But I have noted the very positive reaction to me being back here – although not in the same way as before.
I spent Wednesday and Thursday in Madrid at a major gathering 15 years after the historic conference on peace in the Middle East. The meeting was supported by the Foreign Ministers of Spain, Norway, Denmark and Sweden and brought together for informal discussions many key decision-shapers from the region.
All in all I flew back from Madrid with a marginally less pessimistic assessment of the situation. Things could easily go very wrong – but there is a slight possibility that we might succeed in turning things around.
In my opening remarks I stressed that time is not necessarily on the side of peace any longer.
There is a risk of not only rising tensions but also the rise of forces that might challenge the very foundations on which peace must be built. So, time is of the essence, and what we need is no longer a peace process – what we need is peace.
Back in Stockholm from Madrid I followed the latest move in the somewhat bizarre efforts to attack my due to the remumeration I received from some of my board positions before becoming Foreign Ministers.
Specifically, it concerned the share options I received as part of the board remumeration from the investment company Vostok Nafta. As appropriate, I sold them as soon as I could, but to some that wasn’t enough and they called for all sorts of investigations.
As is usual in this sort of case, there was the usual media frenzy as well.

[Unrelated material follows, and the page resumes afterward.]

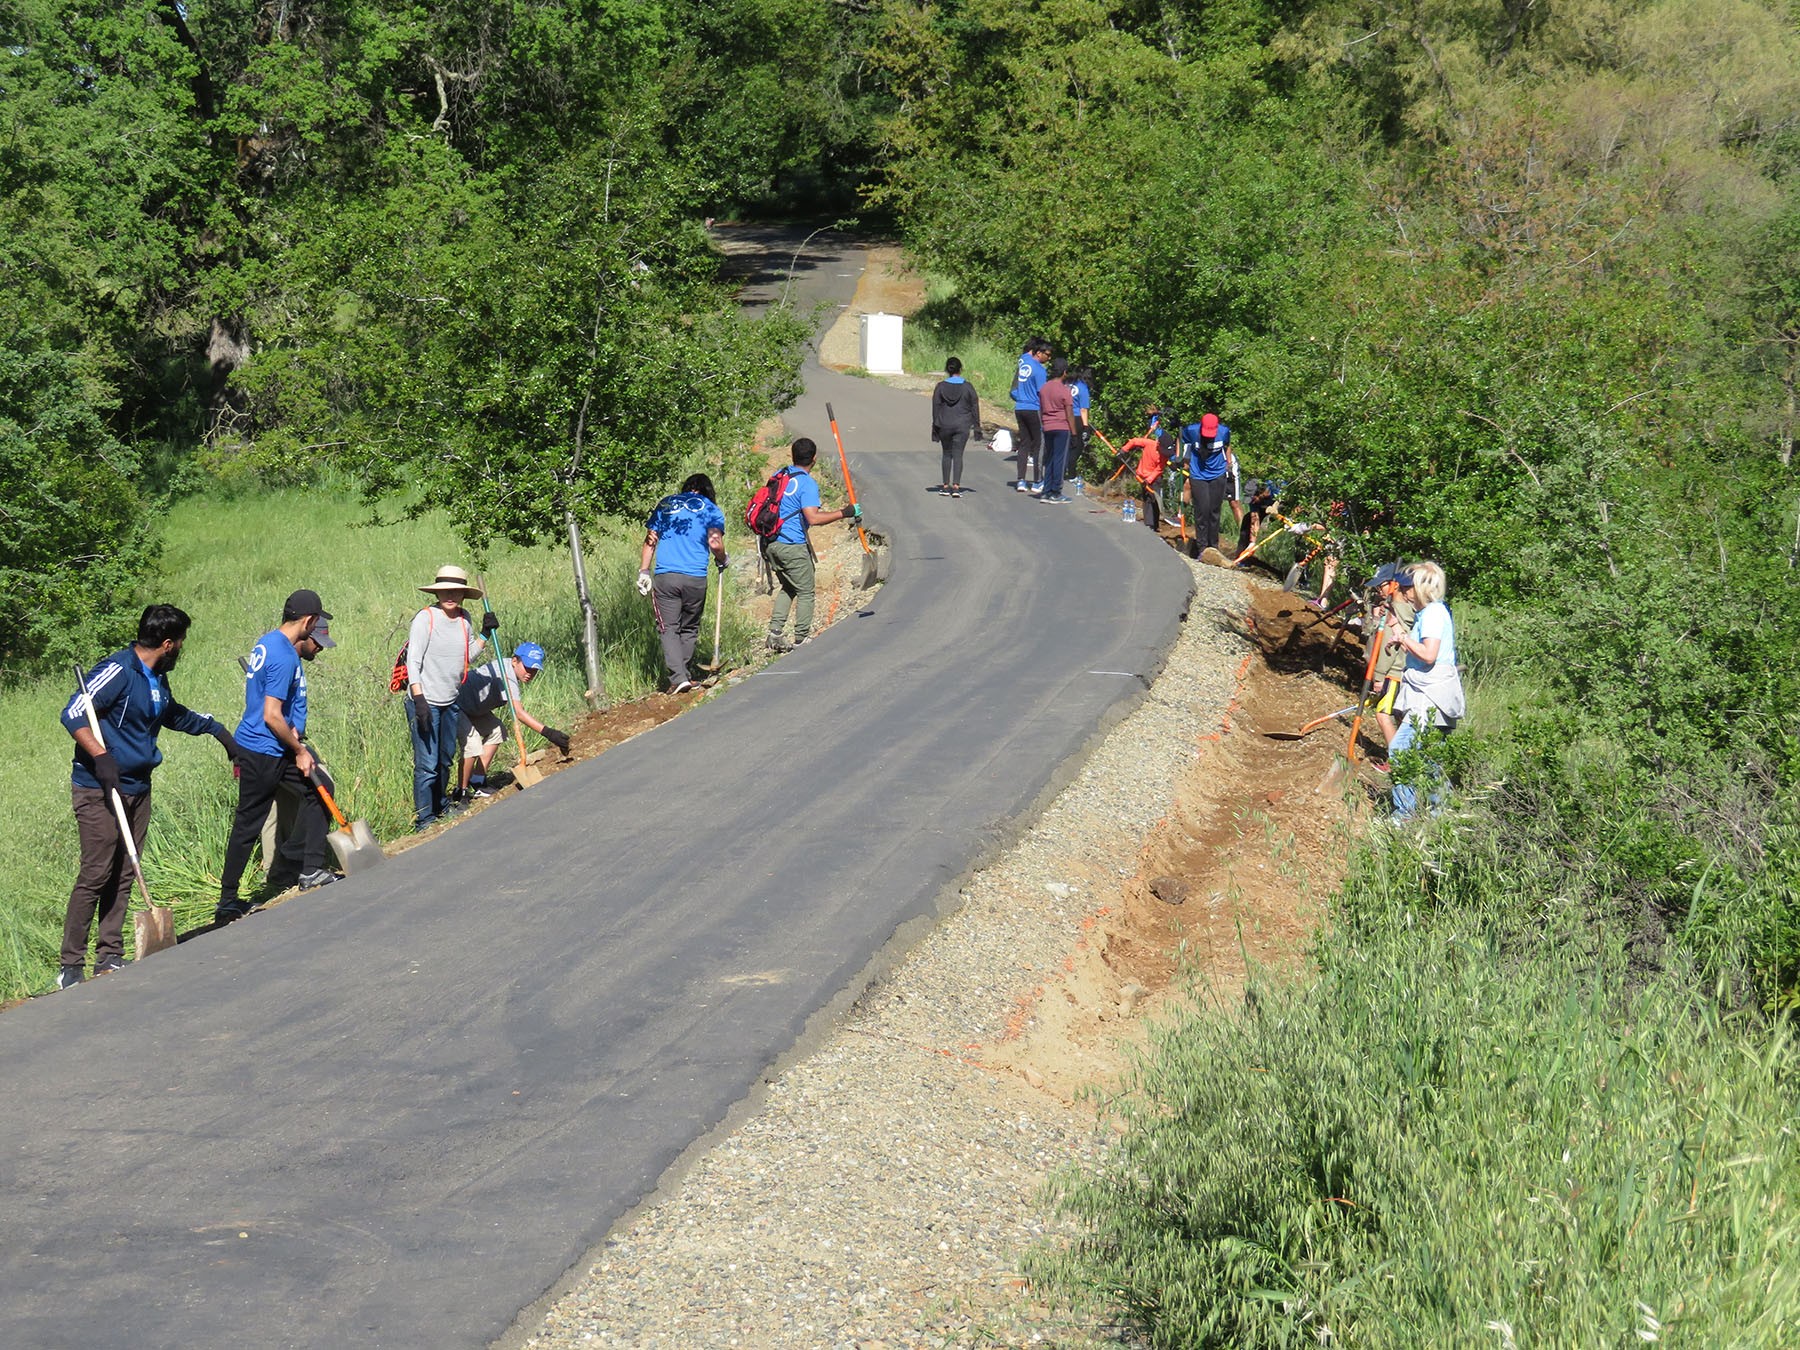 Volunteers sought for 28th Trails Day projects Saturday
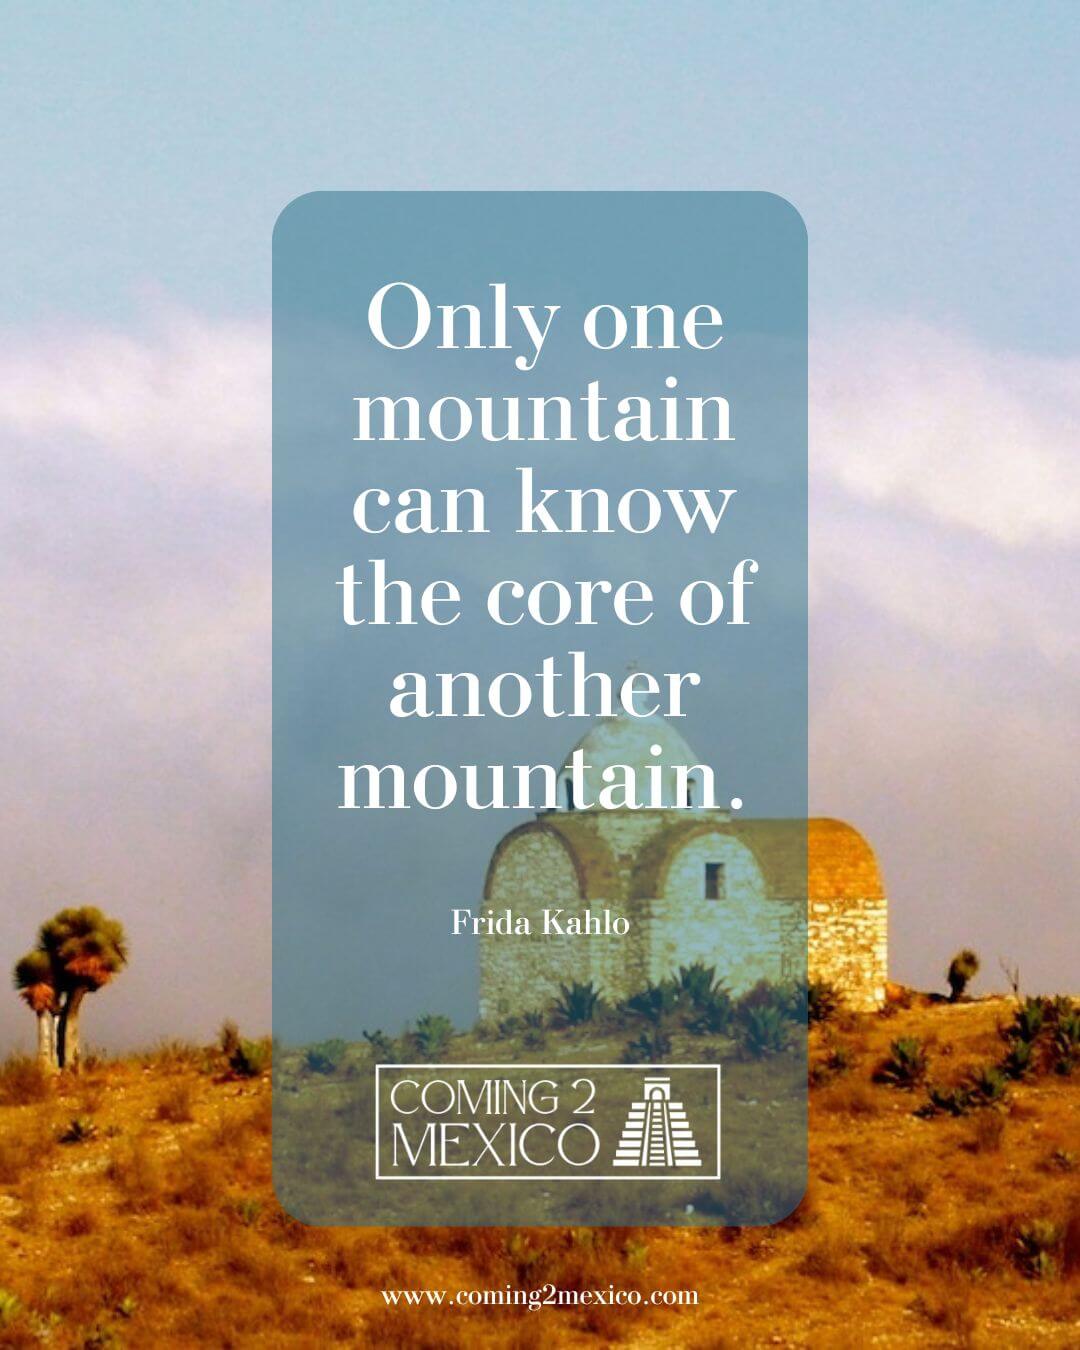 “Only one mountain can know the core of another mountain.” - Frida Kahlo

The media hunts in herds.
But earlier today the legal inquiry very solidly rejected all the accusations and attempts to smear me. This was the much stronger as it come from a prosecutor well known for taking the strictest of views on these sorts of issues.
Naturally, this will not stop the political opposition. They have nothing to say about foreign affairs – but smear campaigns they can always mount. I don’t think there are too many who will be much impressed by their efforts.
From Stockholm I flew to Vilnius for a very special evening.
Tonight is 16 years since Soviet forces stormed the TV tower in Vilnius in their attempts to smash the forces of freedom and democracy. Thirteen young people lost their lives that night.
I attended the commemorative vigil outside the Parliament building tonight, meet the heroes of those days and was also suddenly invited the address all those that had gathered to remember, to sing the songs and to express their faith in their country.
And tomorrow I will address the special session of Parliament. I will speak about our vision for all of Europe, and the text will be available on the Swedish Ministry for Foreign Affairs web site immediately.
Then I stay here during the day.
I’ll see the KGB museum. And I’ll see my old friend Emmanual Zingeris to continue discussions on efforts to restore parts of the old ghetto of Vilnius. This was – before the immense tragedy of the Holocaust – the Jerusalem of Eastern Europe, and the contribution that Jews from here have done in many countries has been enormous.
Before flying home I will attend – with the President and the Prime Minister – the special commemorative mass in Vilnius Cathedral.